Но рота движется медленно. Над головой висит усыпанное звёздами небо, ночной воздух чист и полон знакомых ароматов, напоминающих родную степь. Да и тишина кругом такая… Тут не то что задумаешься – мечтателем станешь! Как раз этого и боится Семён Дайн: вот снова появится Аннушка с сыном на руках. Как же быть? Как быть?..

Ему становится душно.

Если подумать как следует, то он же и виноват во всем. Он, Семён Дайн! Было время, когда сам командир батальона направил его в разведку. Это тебе не рота! В разведке не ходят медленно, а ежели иной раз надобно помедлить, то тут, значит, приходится и мозгами пошевелить: сам решай! В разведке не размечтаешься – времени не хватит. Там тебе даётся задание, и ты его выполняешь, согласуясь со своим понятием, со своими силами, на свою ответственность.

Только вот с выполнением задания у Дайна получилась неувязка. Вспоминать даже тошно!

Семён мысленно, как от назойливой мухи, отмахивается от неприятного воспоминания, но неумолимая память уже уводит в прошлое.

…Несколько часов он лежал в камышах и высматривал. Теперь ему требовалась темнота, а для этого надо было дождаться ночи. Он приглядел одного немца-часового и сообразил, как к тому немцу подобраться. Наконец стало темно… Он рассчитал всё правильно и так ловко взял «языка», что командир батальона обязательно похвалил бы его, если бы всё кончилось не так глупо. Немец оказался не простой – с лычками, жирный, сытый. Больше километра Семён тащил его на спине и наконец присел в знакомых камышах отдохнуть. И надо же было случиться, чтобы ему почудилось, – а темно тогда было, хоть глаз выколи, – будто немец хоть и лежит тихо, но явно что-то замышляет. Это не понравилось новоиспеченному разведчику, и он легонько стукнул немца кулаком – всего раз и стукнул-то. А когда явился в батальон со своей драгоценной ношей, оказалось, что «язык» приказал долго жить. Здорово тогда досталось Дайну, а командир батальона рассердился и отправил его назад, в роту.

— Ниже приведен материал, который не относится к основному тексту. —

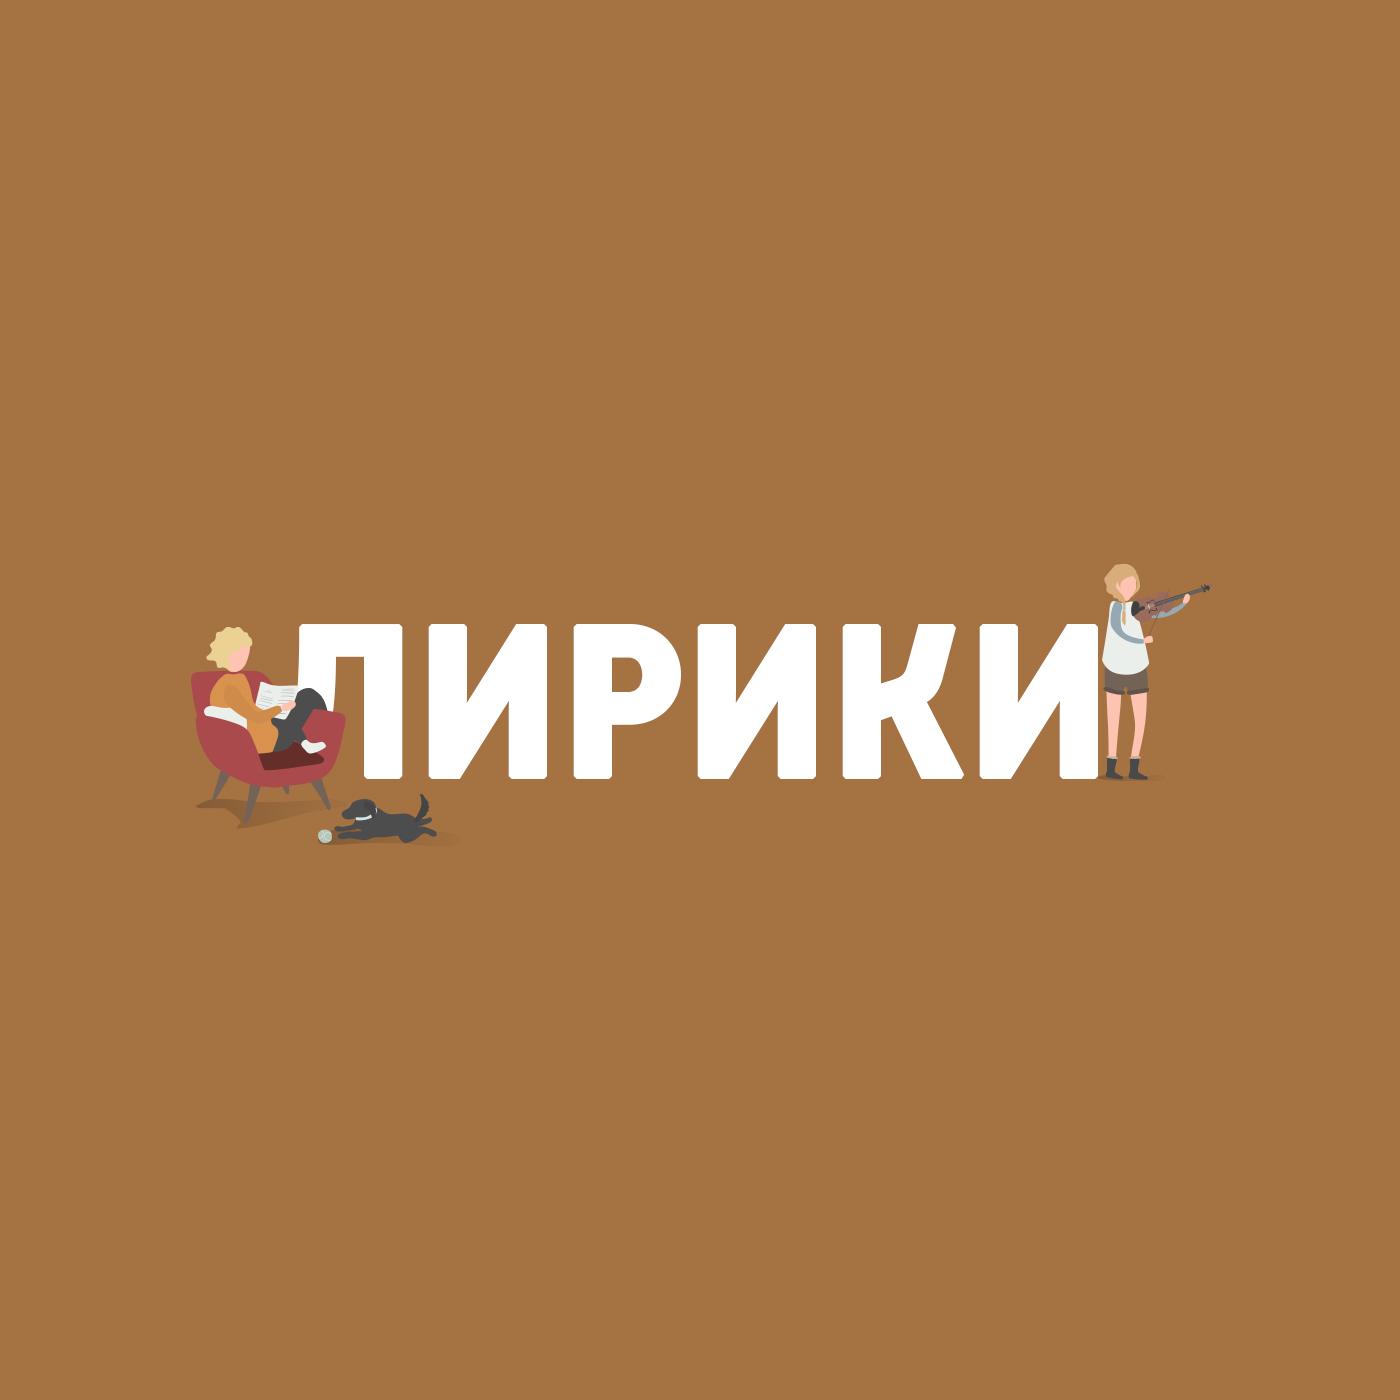 Маргарита Митрофанова Компьютерная лингвистика компьютерная лингвистика

Казалось бы, сколько уже пройдено путей-дорог военных, сколько дней и ночей – больше ночей – шагал Семён Дайн вместе со своей ротой по бескрайним степям, по узким лесным тропкам, переходил вброд реки и в кромешной тьме вырывался на берег, чтобы сразу же броситься в самое пекло боя, остудить в нём свою ненависть… Но вот снова оживало воспоминание о жене, о сыне, об их гибели, вновь сердце солдата до краёв наполнялось острой, мучительной тоской, и Семёну становилось ясно, что он не сделал ещё ничего такого, что было бы достойно их памяти.

Перед глазами его – в который уж раз – вставала до боли знакомая картина. Летний вечер. Он, колхозник Семён Дайн, возвращается из степи. Несколько дней он не был дома: известно, во время уборки не станешь бегать каждый вечер на село. Вот он и шагает так, что ни на какой машине не обгонишь. Аннушка знает его натуру, точно угадывает, когда он должен подойти к дому. Взволнованная, раскрасневшаяся и, что скрывать, очень красивая, она ждёт его на крыльце. В руках держит большой, ещё горячий, вкусно пахнущий каравай.

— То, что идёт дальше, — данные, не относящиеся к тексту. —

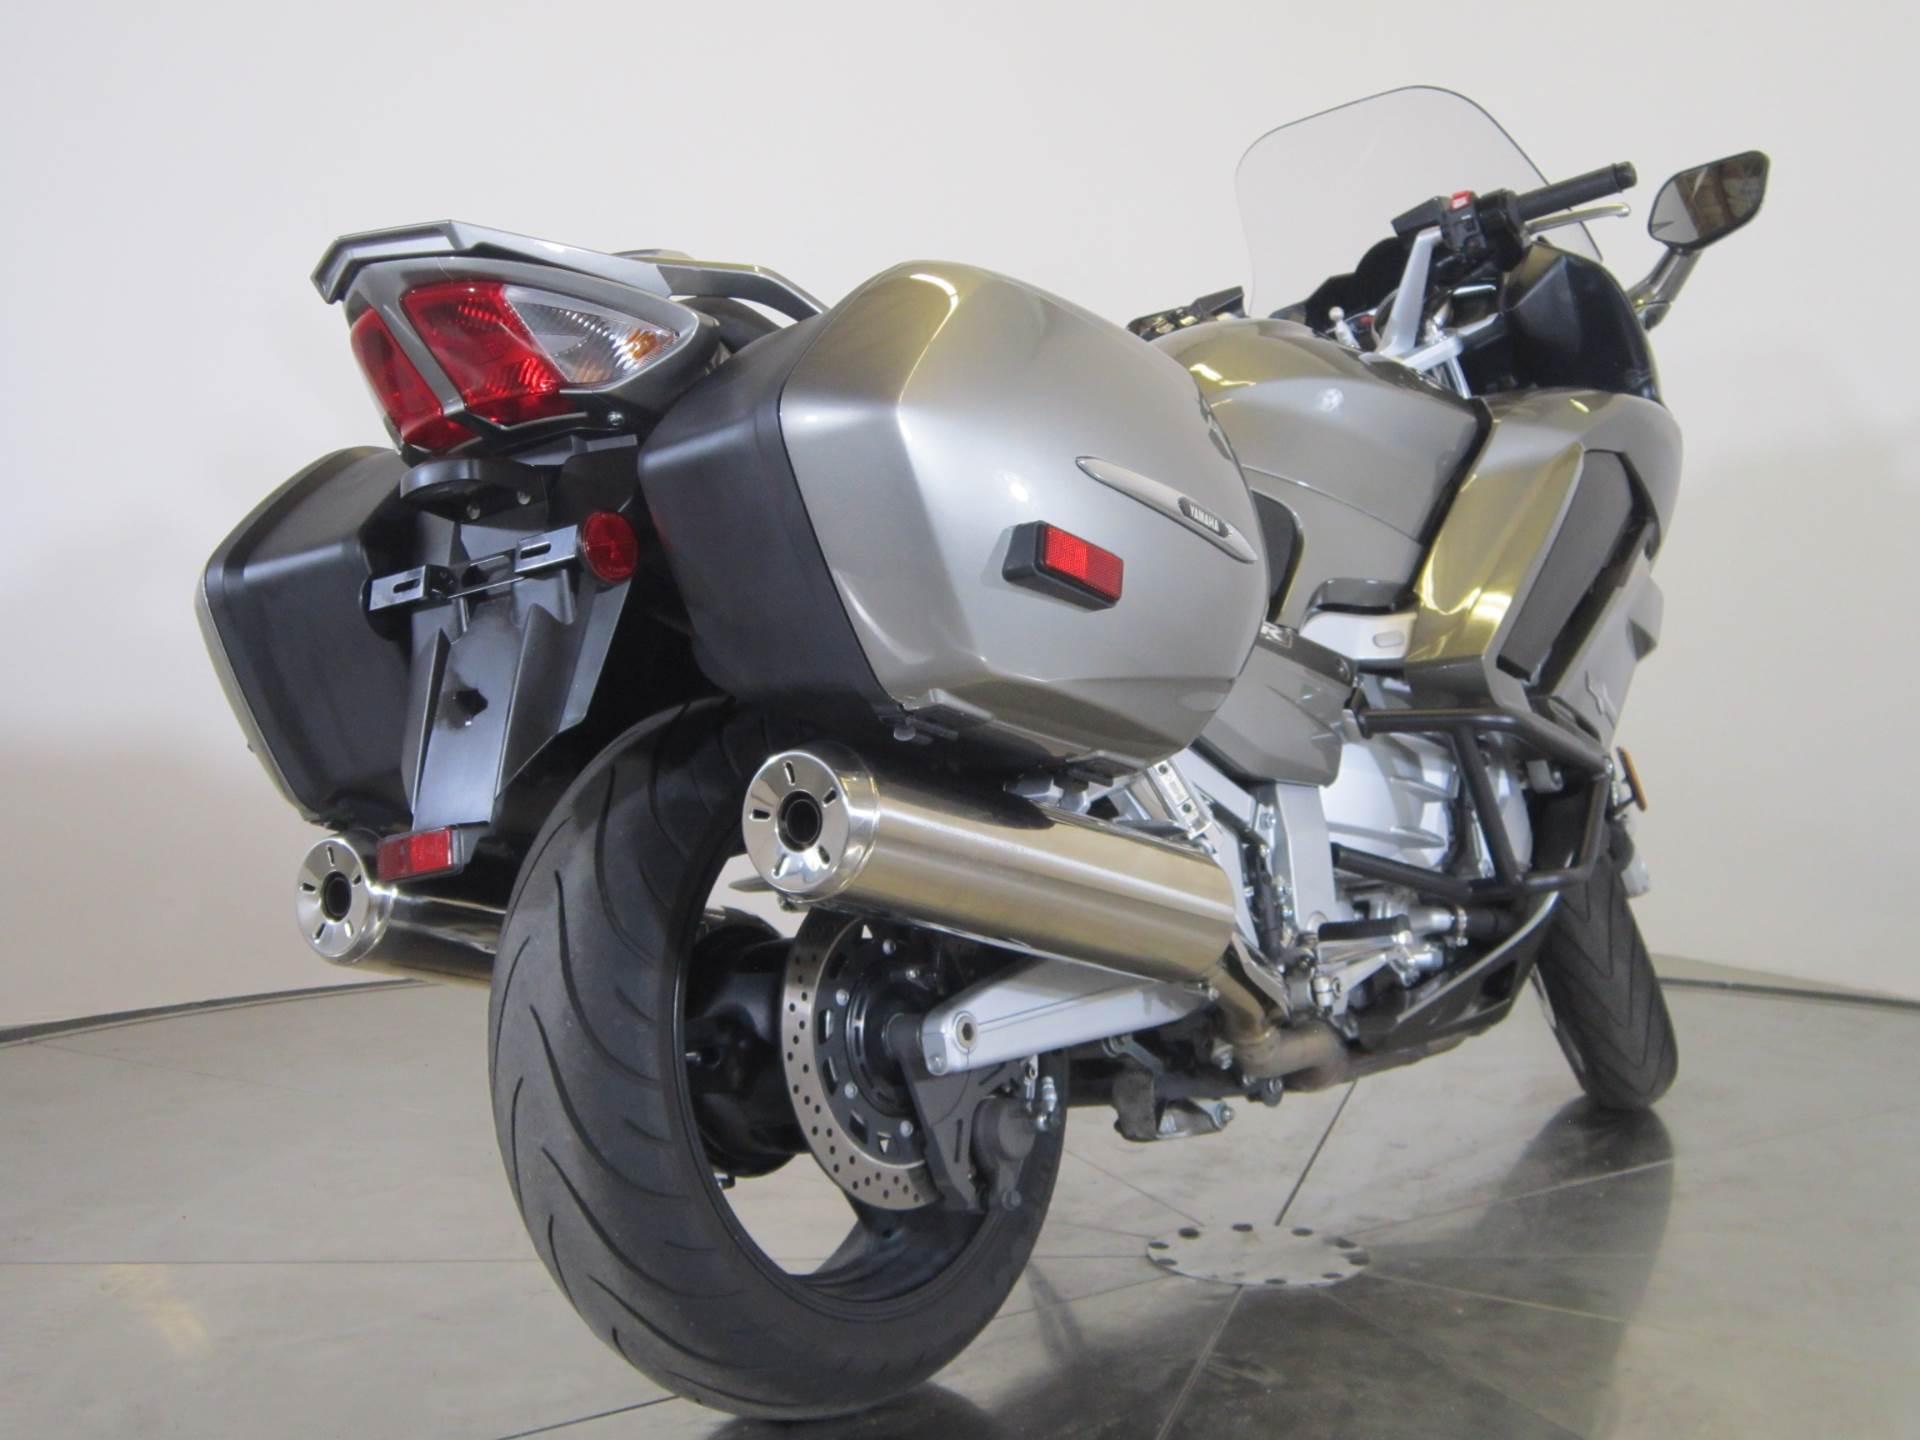 2013 Yamaha FJR1300A 5

– С новым хлебушком! – поздравляет она.

Он взвешивает на руке хлеб, аромат которого так приятно щекочет ноздри, и молча идёт в дом. На пороге Аннушка быстро и немножко кокетливо прикрывает ладонью его рот и шепотом предупреждает:

– Он только что уснул…

И здесь, в походе, чудится ему запах вкусного, только что вынутого из печи хлеба, и слышит он дыхание ребенка, его уснувшего сына. Стоит только закрыть глаза – и сразу перед ним как живые встают Аннушка и сын. Они всё время рядом с ним – смеются, что-то болтают, и Семён видит себя дома, усталым после нелегкого летнего дня. Вот что-то стукнуло. А-а, это бригадир постучал в окно, напомнил, что через час в правлении колхоза будет собрание.

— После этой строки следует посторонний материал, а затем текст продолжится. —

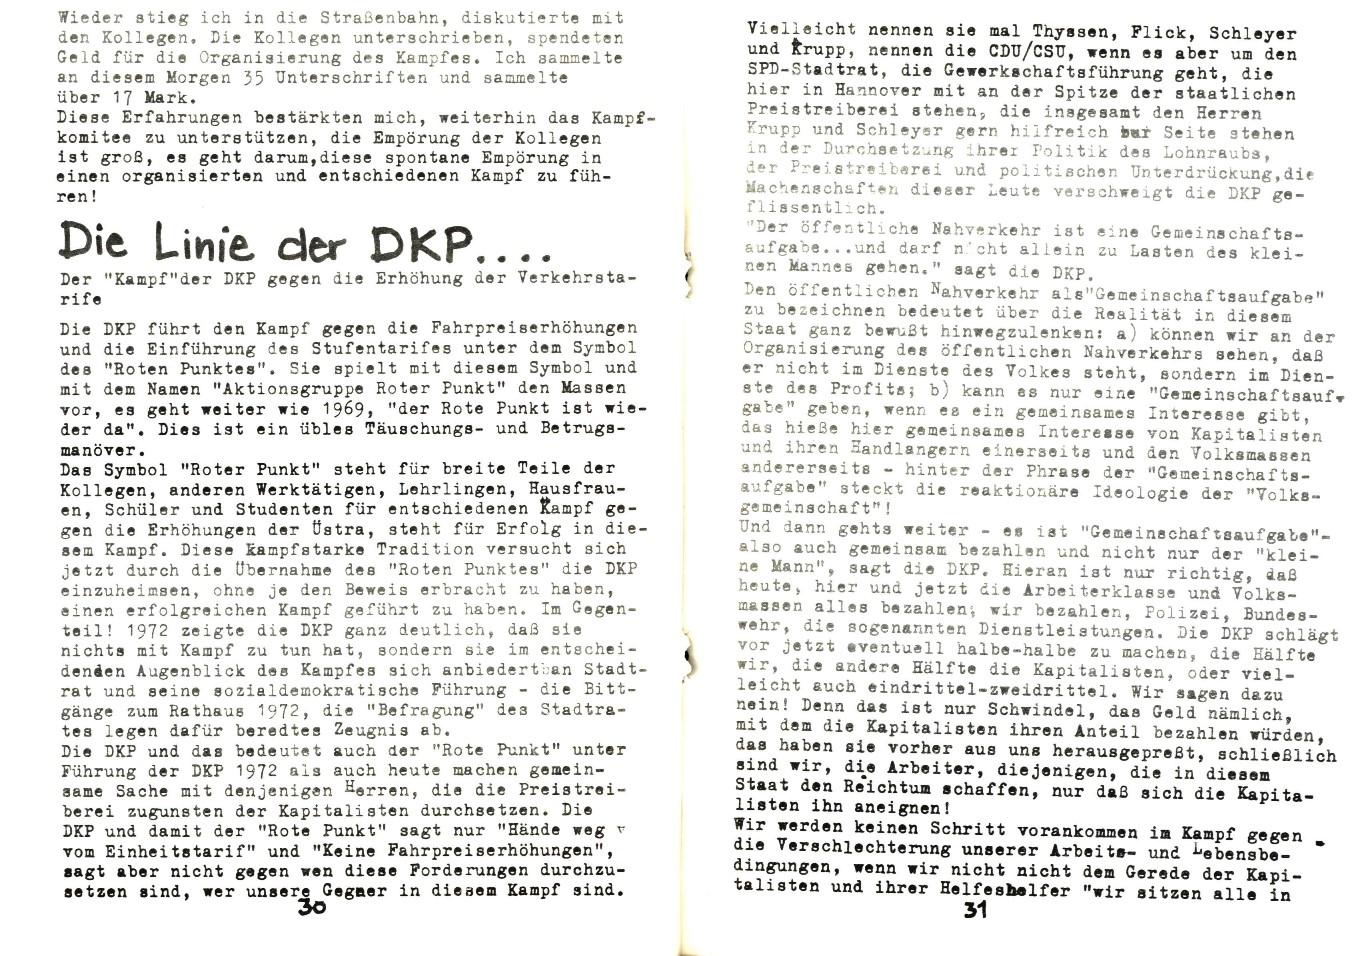 Hannover_AO_1975_Fahrpreisboykott_19

– Ладно, приду! Сейчас приду! – почти кричит Дайн.

Савелий Голубчик дёрнул его за рукав.

– Ты, Дайн, видать, снова заснул! – не без укора заметил он и добавил наставительно: – В армии, ты это запомни, нет такого слова – «сейчас»! Если вызывают к командиру, надо отвечать: «Есть!» – и тут же выполнять приказание.

Савелий Голубчик дружески хлопнул его по плечу и, улыбаясь, спросил:

– Что же ты тянешь, Дайн? Тебя вызывают.

Только теперь Семён понял, что он уснул на ходу, – с ним это и раньше бывало, – и крепко потёр ладонью глаза.

Минуты через две он уже стоял перед командиром роты и ждал приказания.

– Вот какое дело, Дайн, – раздумчиво сказал командир, стараясь разглядеть в темноте лицо солдата. – Вот какое дело… Вы в разведку ходили?

– Так точно, товарищ старший лейтенант! Ходил!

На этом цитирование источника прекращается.